▶ About this exercise
Only the lines below from the one containing "18k Gold Filled" through the one containing "Туберкулез легкого рентгенограмма" belong in the answer, repeated exactly and without pictures.

▶ Records for processing
== == ==

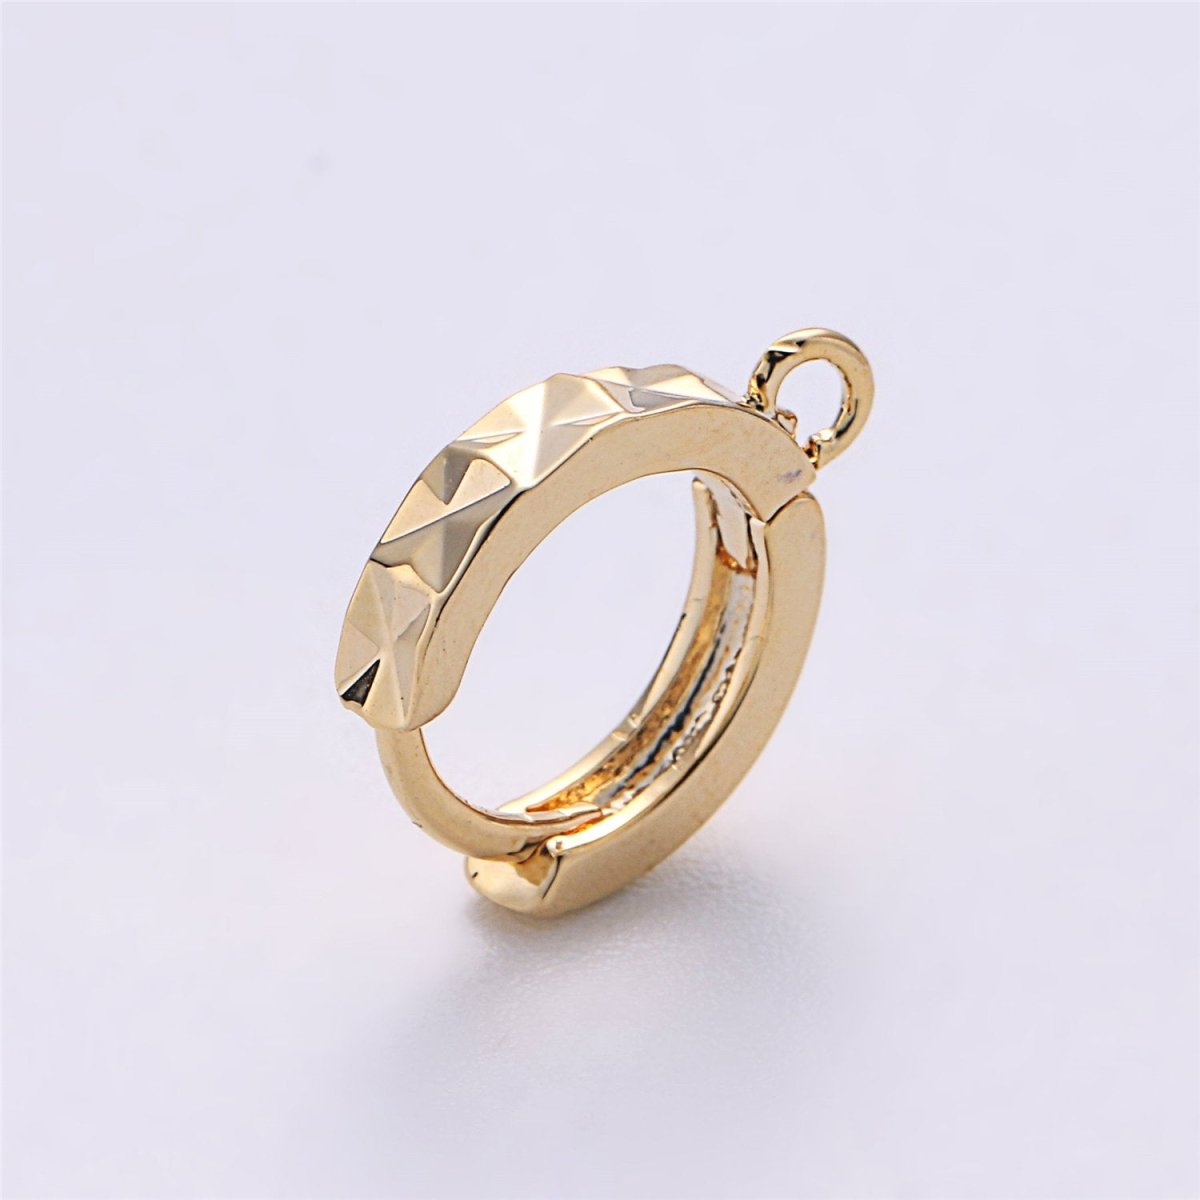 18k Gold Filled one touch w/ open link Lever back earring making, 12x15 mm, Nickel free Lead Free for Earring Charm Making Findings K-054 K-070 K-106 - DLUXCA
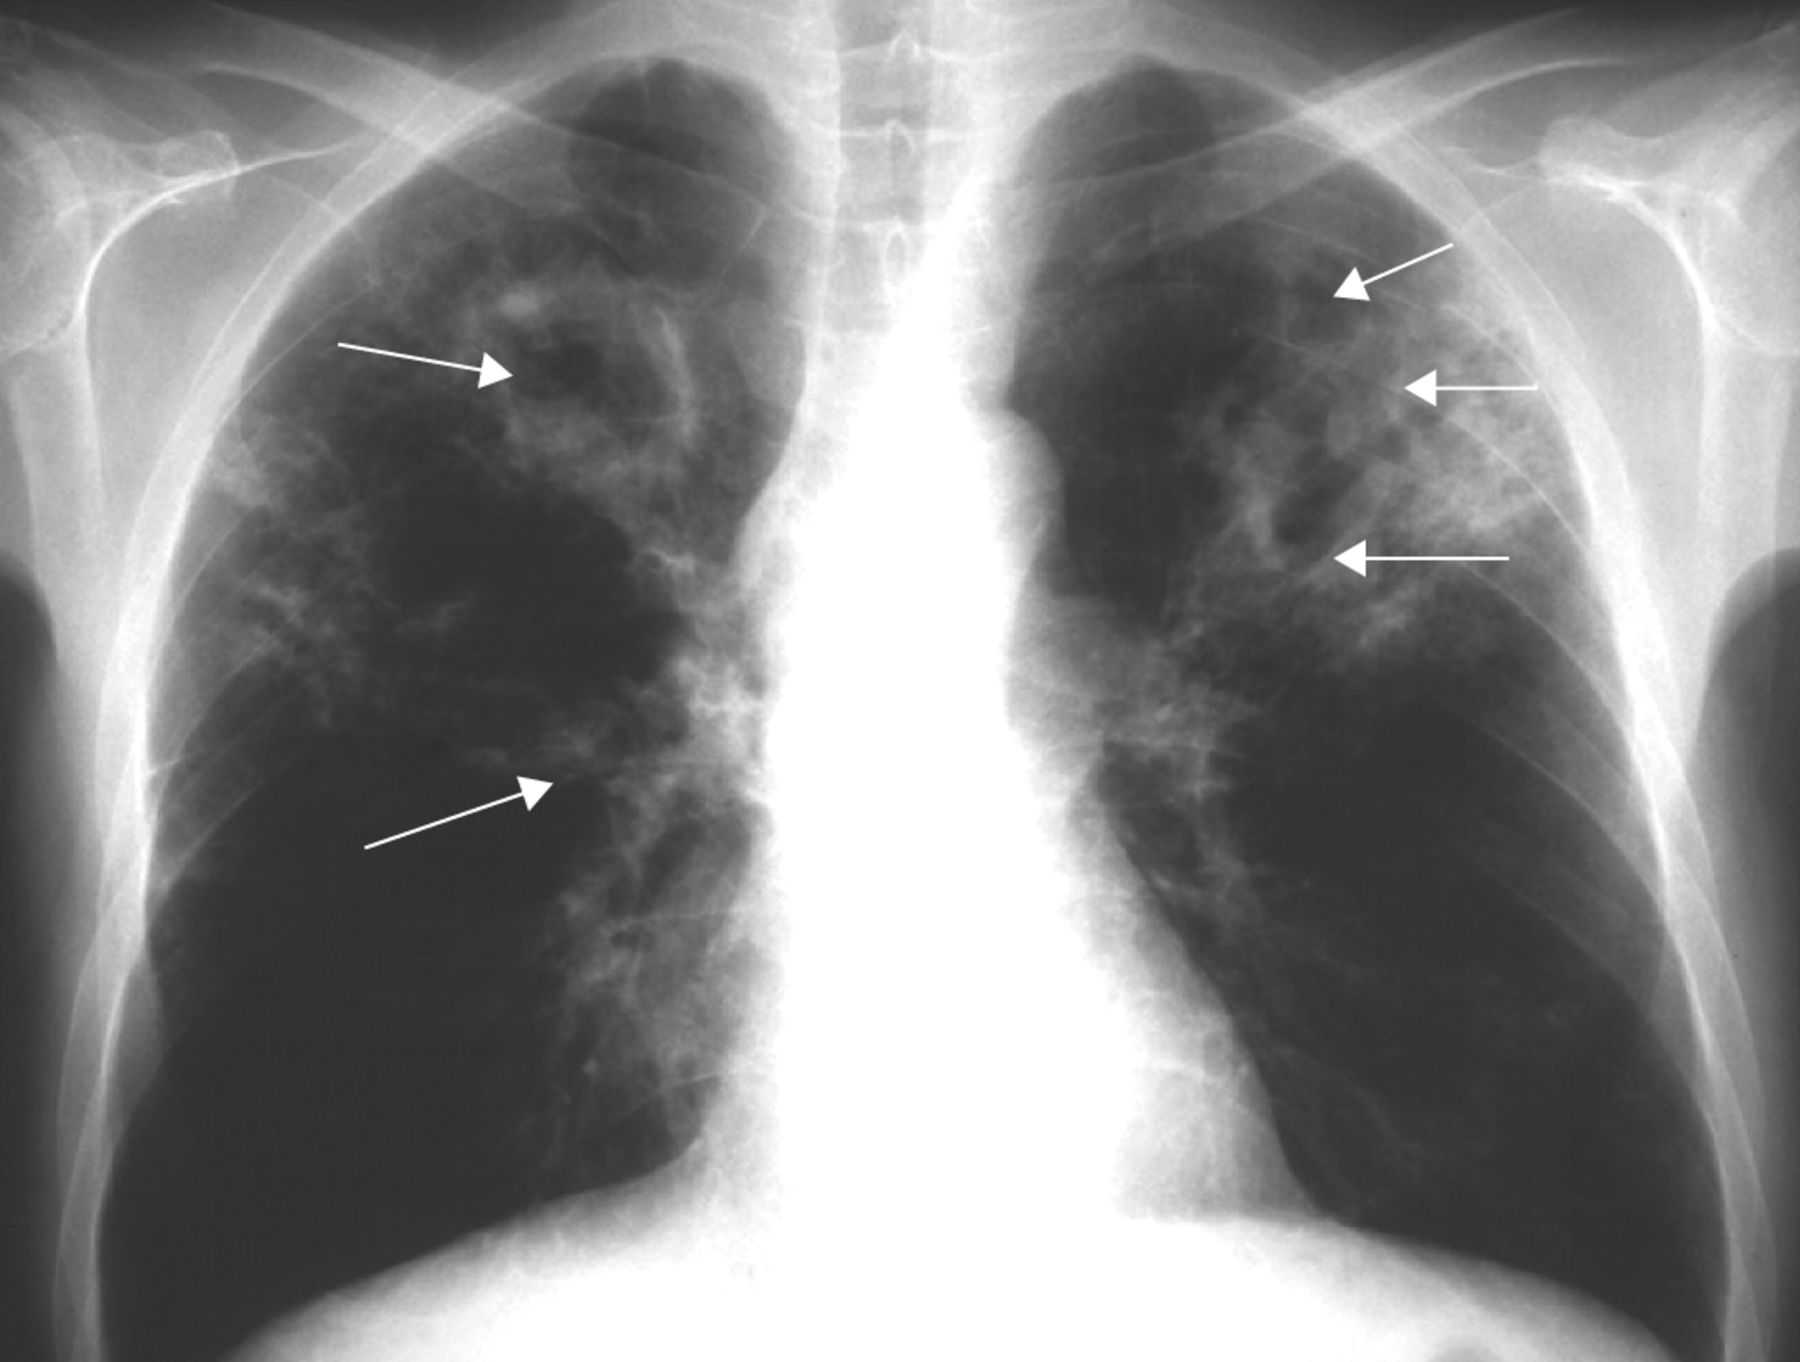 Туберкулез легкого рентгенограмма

== == ==

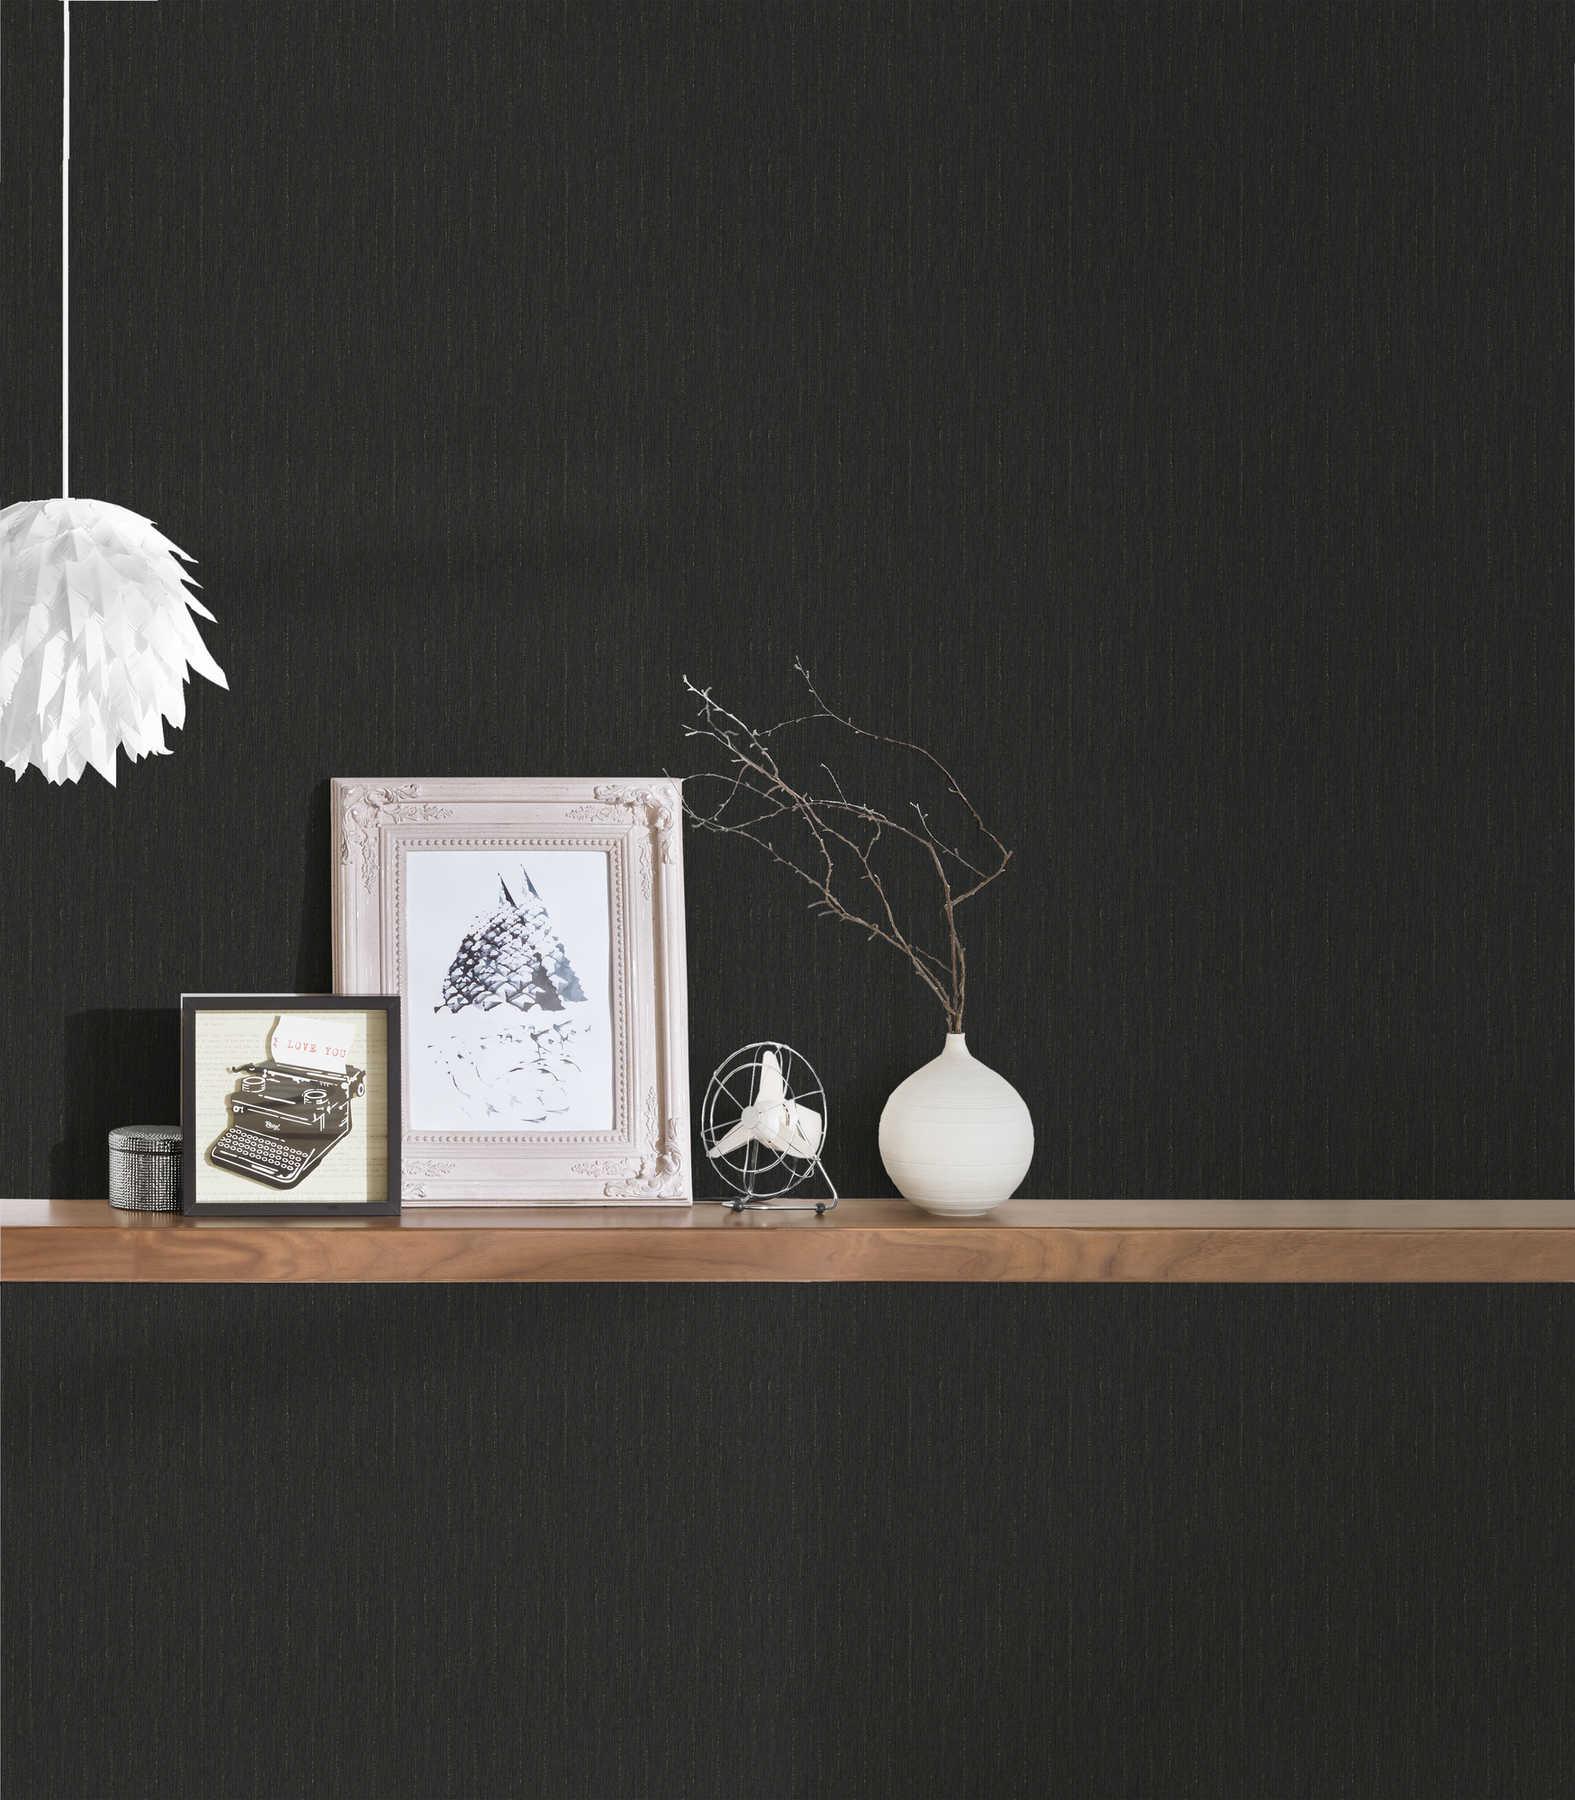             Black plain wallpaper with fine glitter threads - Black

== == ==

▶ Completed exercise
 18k Gold Filled one touch w/ open link Lever back earring making, 12x15 mm, Nickel free Lead Free for Earring Charm Making Findings K-054 K-070 K-106 - DLUXCA
 Туберкулез легкого рентгенограмма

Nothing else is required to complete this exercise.